- _WHAT IS NEEDED_
Every line below from the one with "<b>Oklahoma: Jake Biram</b><br>" through the one with "Biram is a member" should be retyped exactly, both ends included; no other lines and no pictures.

- _DATA FOR PROCESSING_

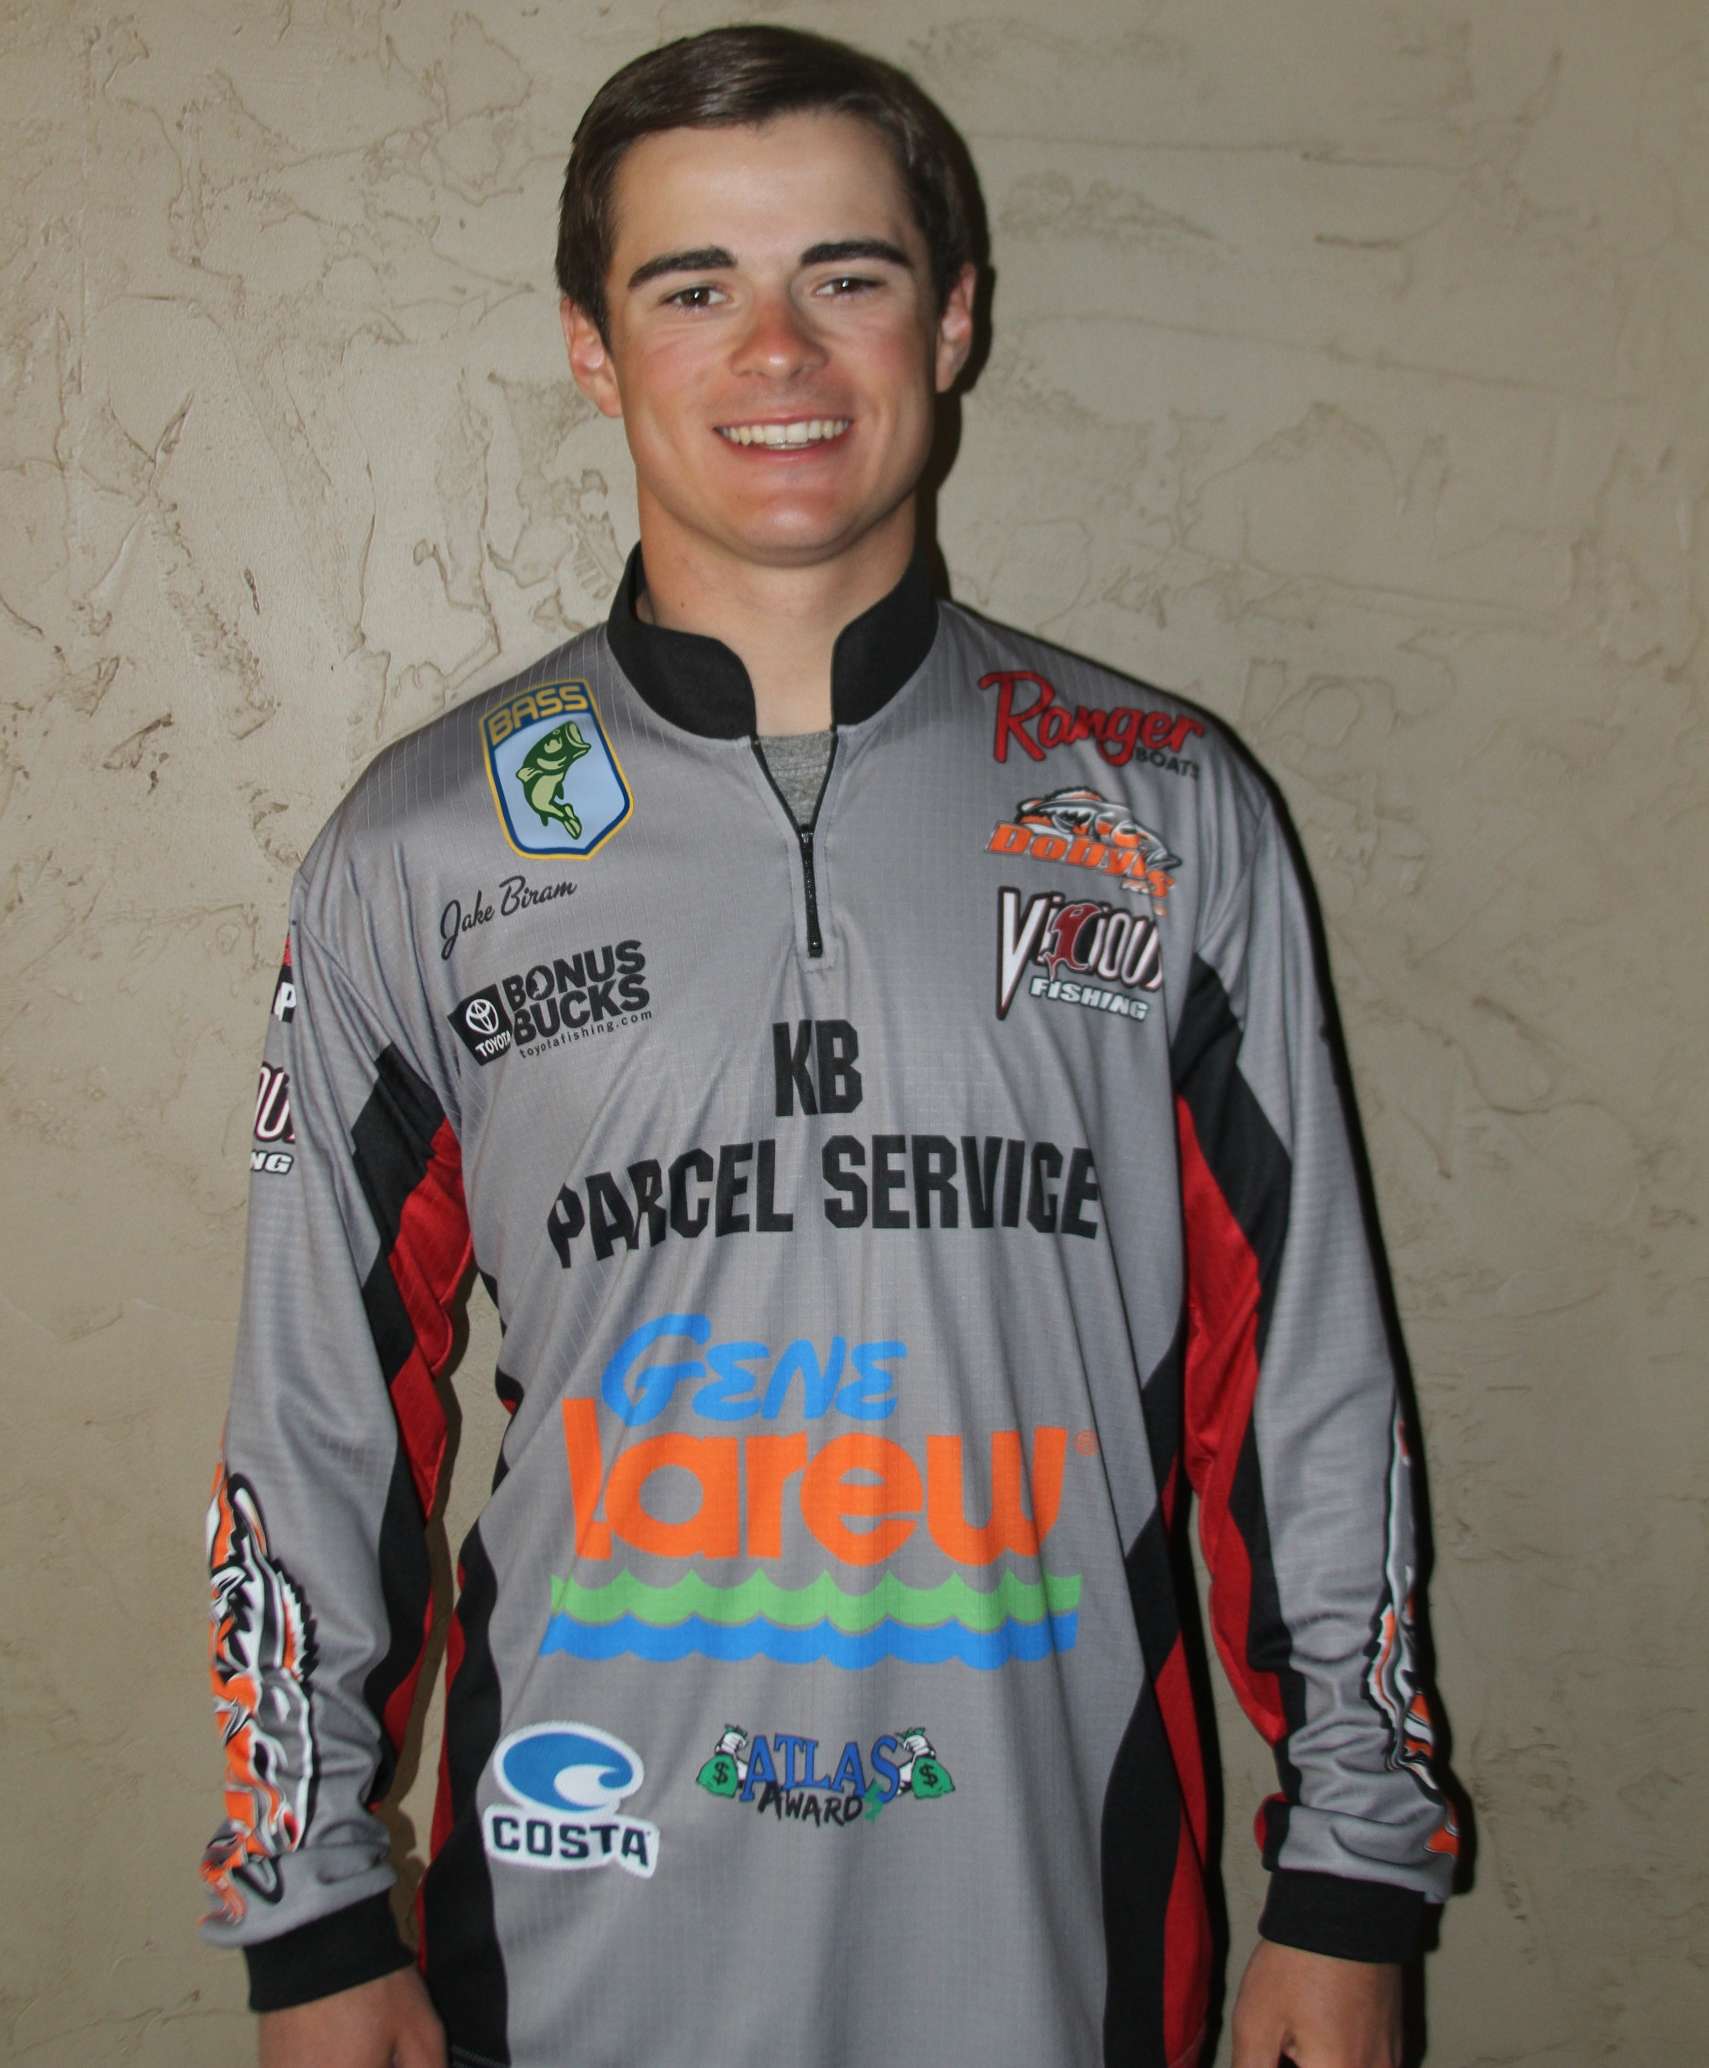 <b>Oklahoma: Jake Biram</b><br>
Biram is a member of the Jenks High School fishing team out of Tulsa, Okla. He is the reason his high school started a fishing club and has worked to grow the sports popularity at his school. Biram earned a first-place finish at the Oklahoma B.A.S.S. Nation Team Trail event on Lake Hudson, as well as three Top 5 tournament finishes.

---

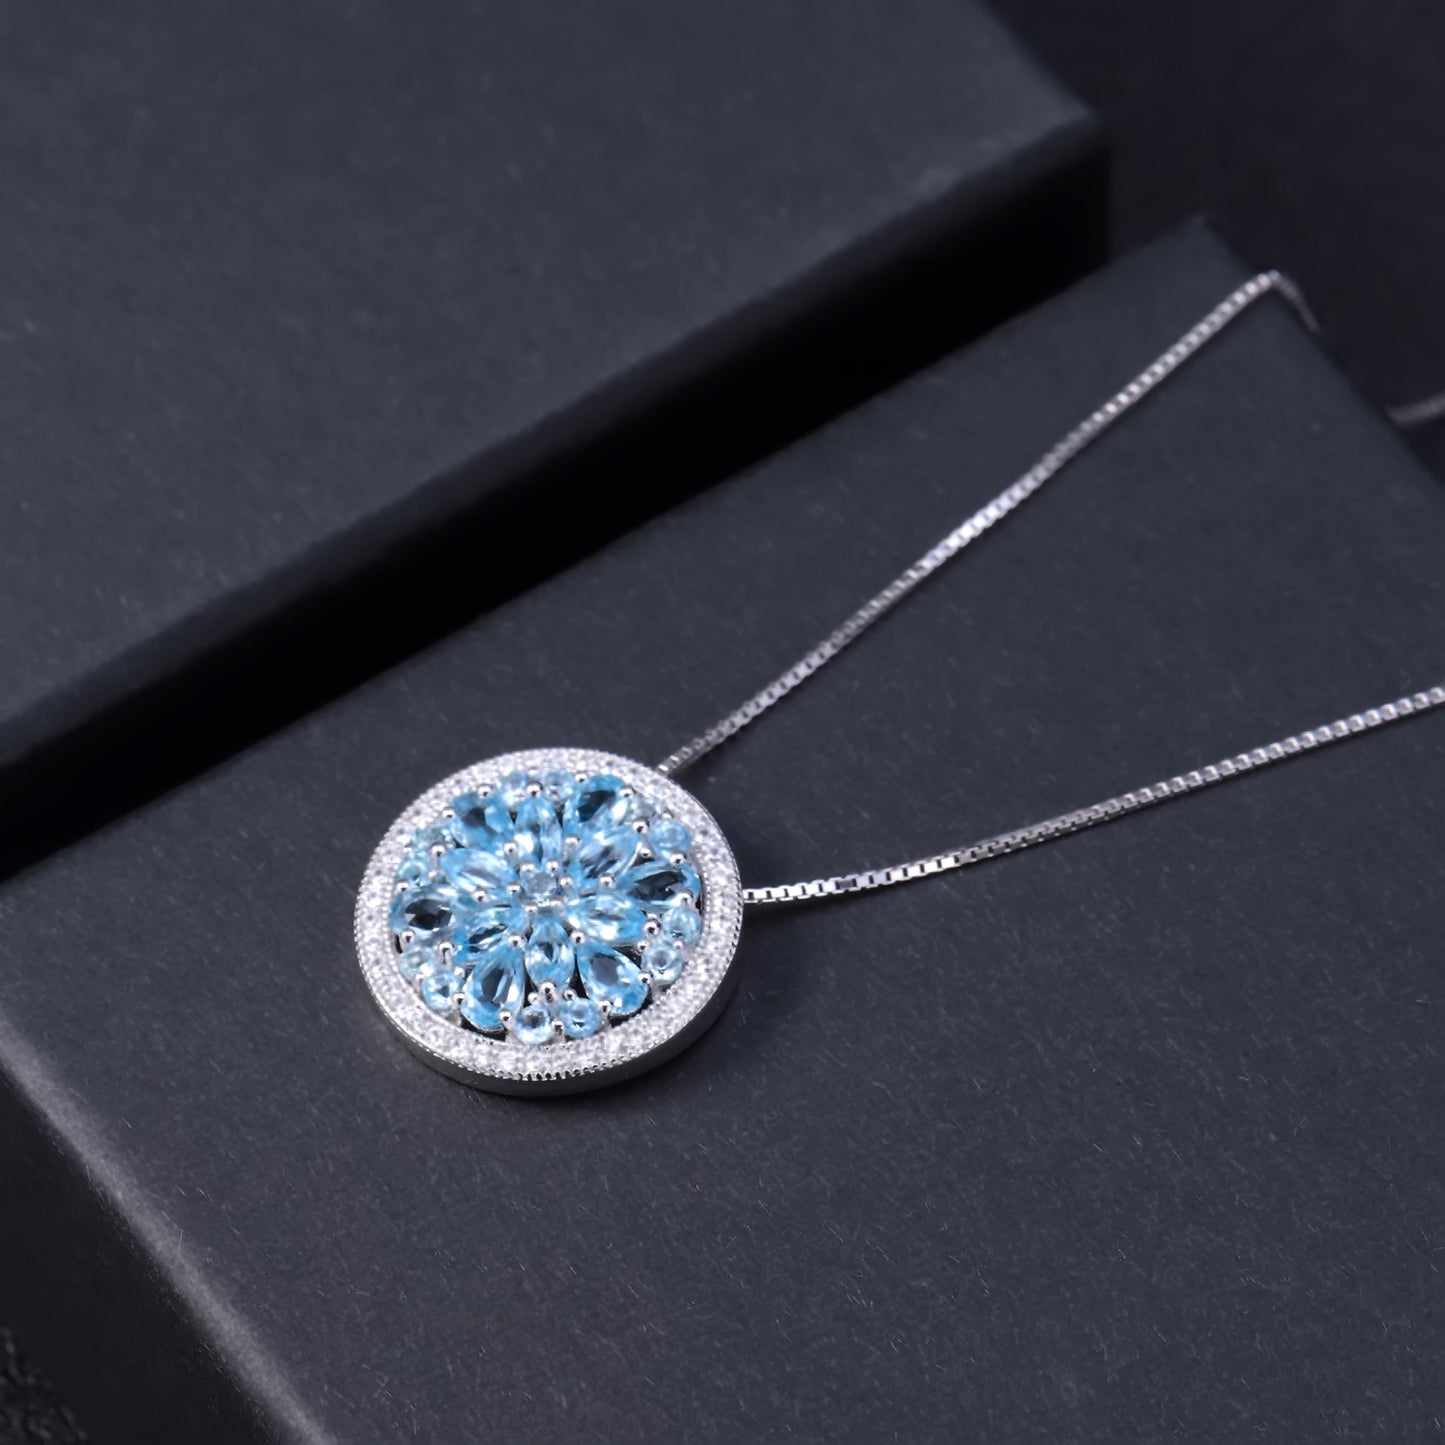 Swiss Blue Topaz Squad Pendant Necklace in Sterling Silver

- _YOUR RESPONSE_
 <b>Oklahoma: Jake Biram</b><br>
Biram is a member of the Jenks High School fishing team out of Tulsa, Okla. He is the reason his high school started a fishing club and has worked to grow the sports popularity at his school. Biram earned a first-place finish at the Oklahoma B.A.S.S. Nation Team Trail event on Lake Hudson, as well as three Top 5 tournament finishes.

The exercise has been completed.